2 to 4 percent of compound shown in a general formula I-14,

5 to 8 percent of compound shown in a general formula II-2,

8 to 11 percent of compound shown in a general formula II-6,

4 to 8 percent of compound shown in a general formula II-12,

4 to 6 percent of compound shown in a general formula II-19,

4 to 7 percent of compound shown in a general formula II-21,

10 to 15.5 percent of compound shown in a general formula III-2,

8 to 13 percent of compound shown in a general formula III-4,

2 to 8 percent of compound shown in a general formula III-28,

2 to 8 percent of compound shown in a general formula III-29,

2 to 10 percent of compound shown in a general formula III-39,

8% -13% of a compound of the general formula III-40

3 to 5 percent of compound shown in a general formula IV-1,

4 to 10 percent of compound shown in the general formula IV-2.

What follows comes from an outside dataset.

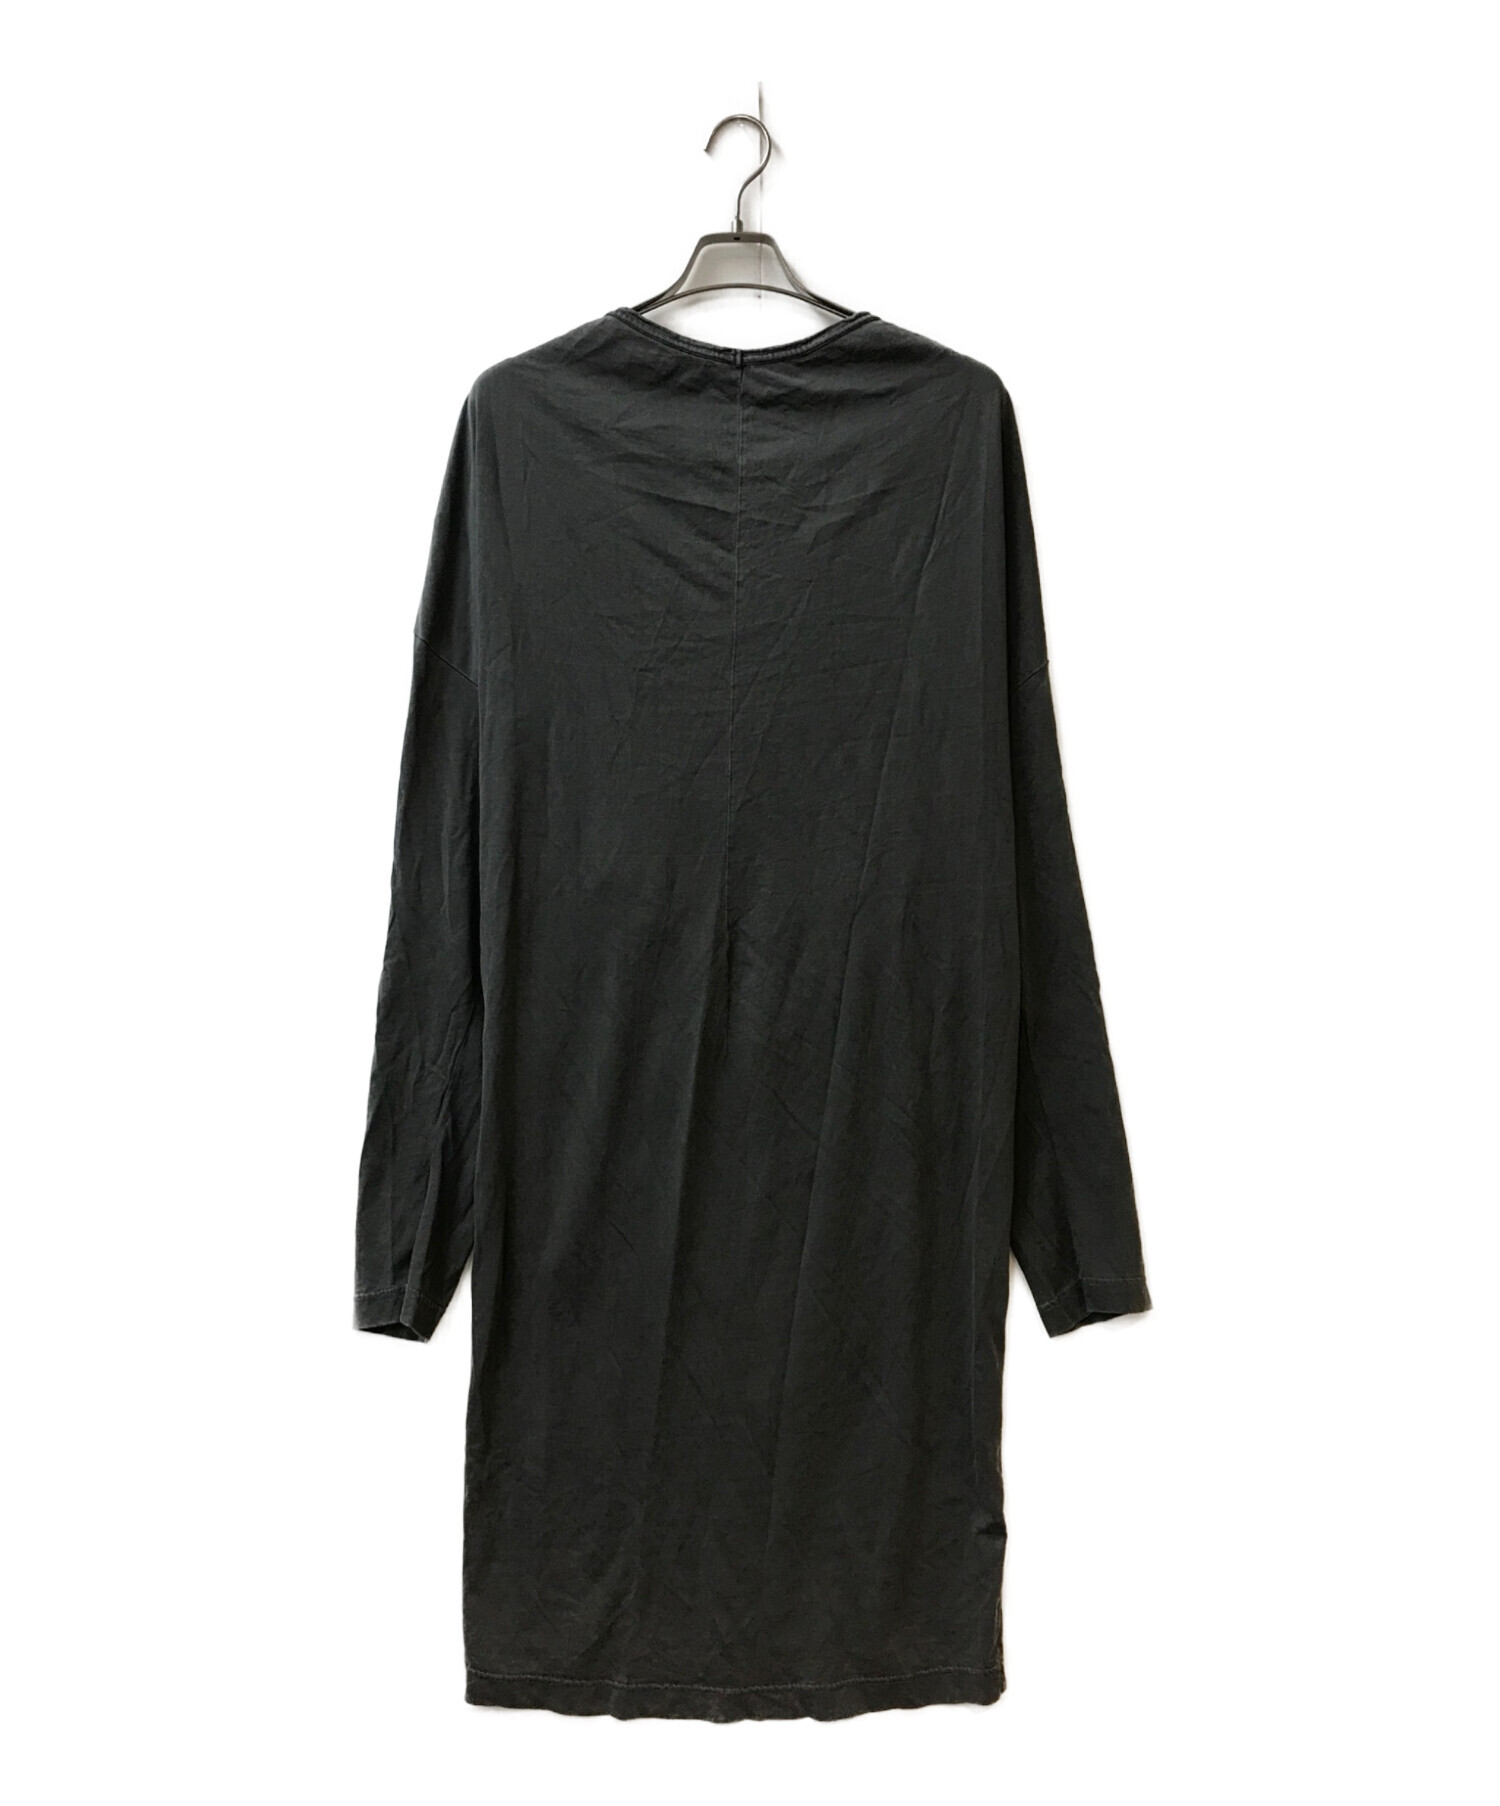 高級✨BALENCIAGA 2017 ロングワンピース ドレス 絹 黒 リボン-

In the negative wide-temperature-phase liquid crystal composition material, the compound shown in the general formula I accounts for 1-30 wt%, preferably 2-22 wt%, and more preferably 2-19 wt%; the compound shown in the general formula II is 0.5-75%, preferably 1-65%, more preferably 2-58%; the compound shown in the general formula III is 0.5-88%, preferably 1-80%, and more preferably 2-74%; the compound shown in the general formula IV is 2-30%, preferably 3-20%, and more preferably 4-15%.

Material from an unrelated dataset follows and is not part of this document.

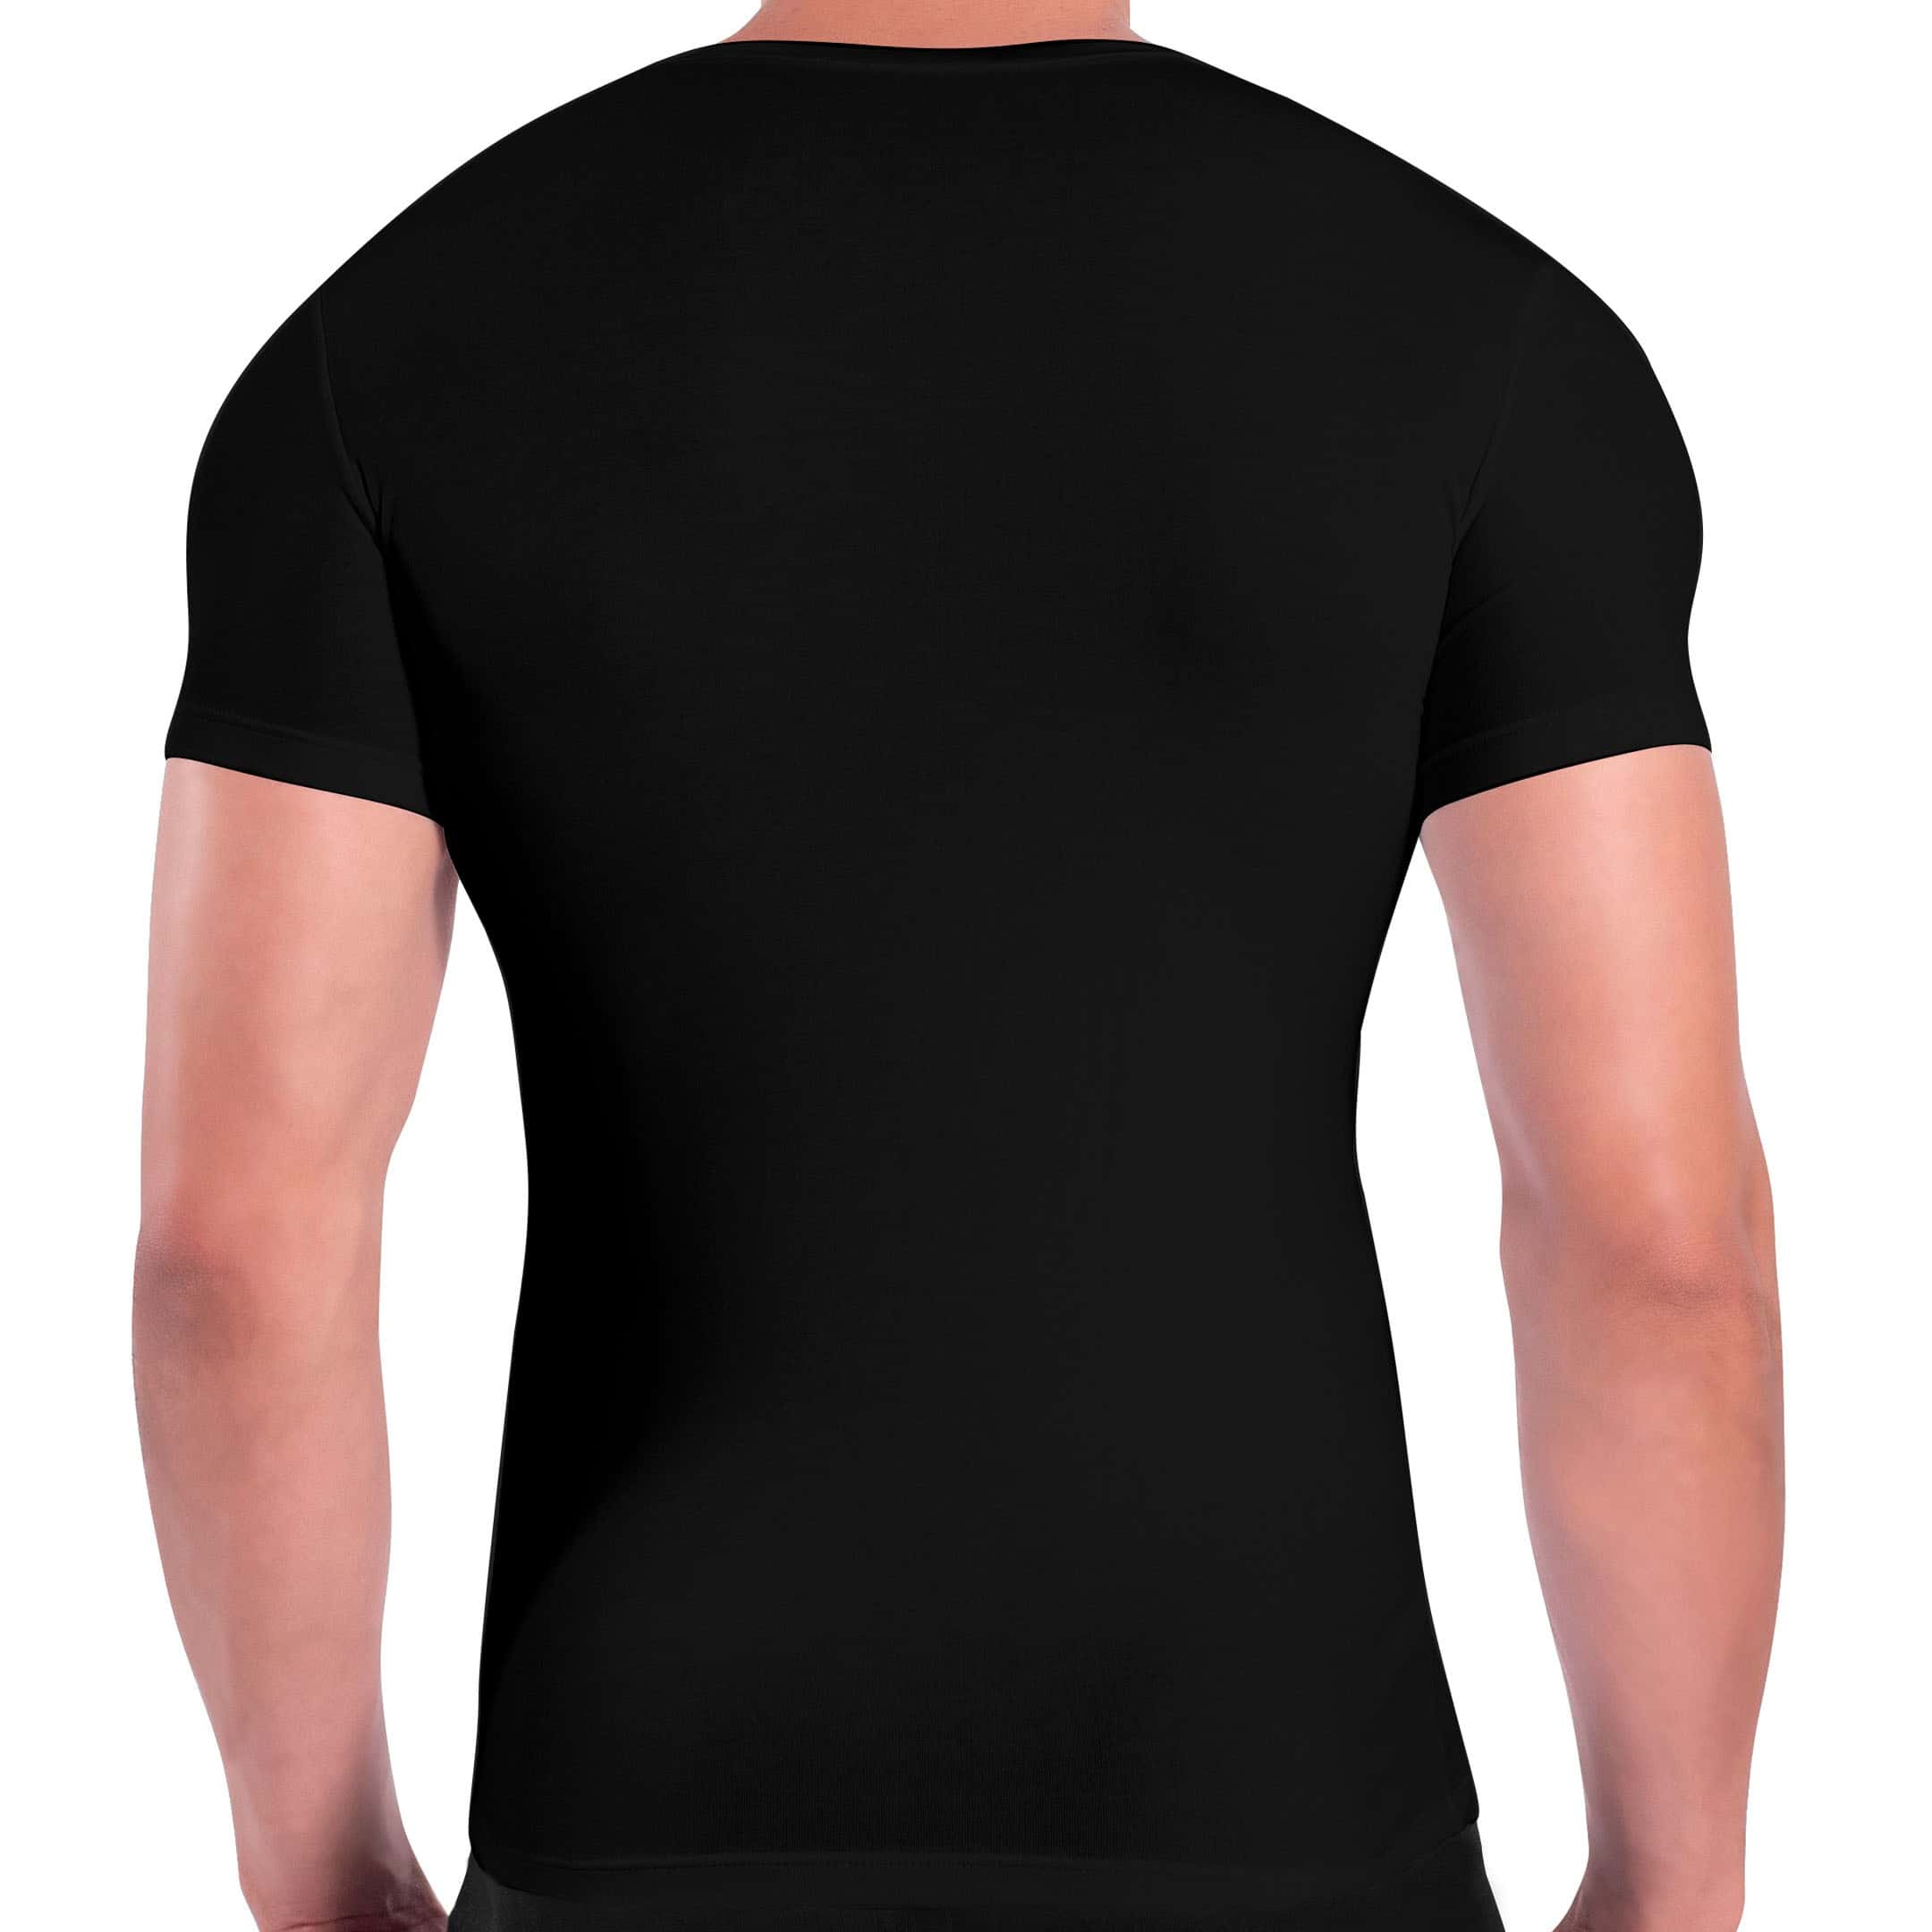 Rounderbum Deep V Cotton Compression T-Shirt - Black

The wide-temperature fast-response negative liquid crystal composition material has high clearing point, low melting point, wider phase temperature range and fast response time, can be applied to wide-temperature liquid crystal displays, and is particularly suitable for vehicle-mounted liquid crystal displays. The response speed of the vehicle-mounted liquid crystal can be improved, and the problems of smear and unsmooth display picture caused by slow response time of the vehicle-mounted liquid crystal are solved.

The invention has the advantages that:

the wide-temperature quick-response negative nematic liquid crystal composition has the advantages of high clearing point, low melting point, wide phase temperature range and quick response time, improves the response speed of vehicle-mounted liquid crystal, and solves the problems of smear and unsmooth display picture caused by slow response time of the vehicle-mounted liquid crystal.

The liquid crystal composition material has a wide nematic phase temperature range, can widen the working temperature range of liquid crystal, and can accelerate the response speed of the liquid crystal due to low rotational viscosity, so that the response time of vehicle-mounted liquid crystal is accelerated, a display picture is smoother, and no smear is generated.

Detailed Description

The liquid crystal compositions of the present invention were prepared as follows: weighing the components according to the mass percentage of the components in the formula of the liquid crystal composition; taking example 1 as an illustration, according to the mass percent in example 1, 15% of the compound of formula III-2, 6% of the compound of formula I-4, 6% of the compound of formula II-12, 5% of the compound of formula II-19, 10% of the compound of formula III-37, 9% of the compound of formula III-4, 7% of the compound of formula III-21, 4% of the compound of formula IV-1, 4% of the compound of formula IV-2, 8% of the compound of formula III-33, 6% of the compound of formula II-2, 6% of the compound of formula II-21, 3% of the compound of formula I-10, 2% of the compound of formula I-14, 9% of the compound of formula II-6 are weighed. Placing the weighed monomers in a hard high borosilicate glass bottle, heating under the protection of nitrogen, electromagnetically stirring or mechanically stirring until the monomers are molten, clear, uniform and transparent solution, and continuing stirring for 30 minutes to thoroughly and uniformly mix the materials and then stopping heating. Degassing under reduced pressure while stirring; the vacuum degree is increased along with the reduction of the temperature, the stirring is stopped until the temperature is cooled to the room temperature, and the vacuum pumping is continued until no bubbles appear. The test box can be filled for testing.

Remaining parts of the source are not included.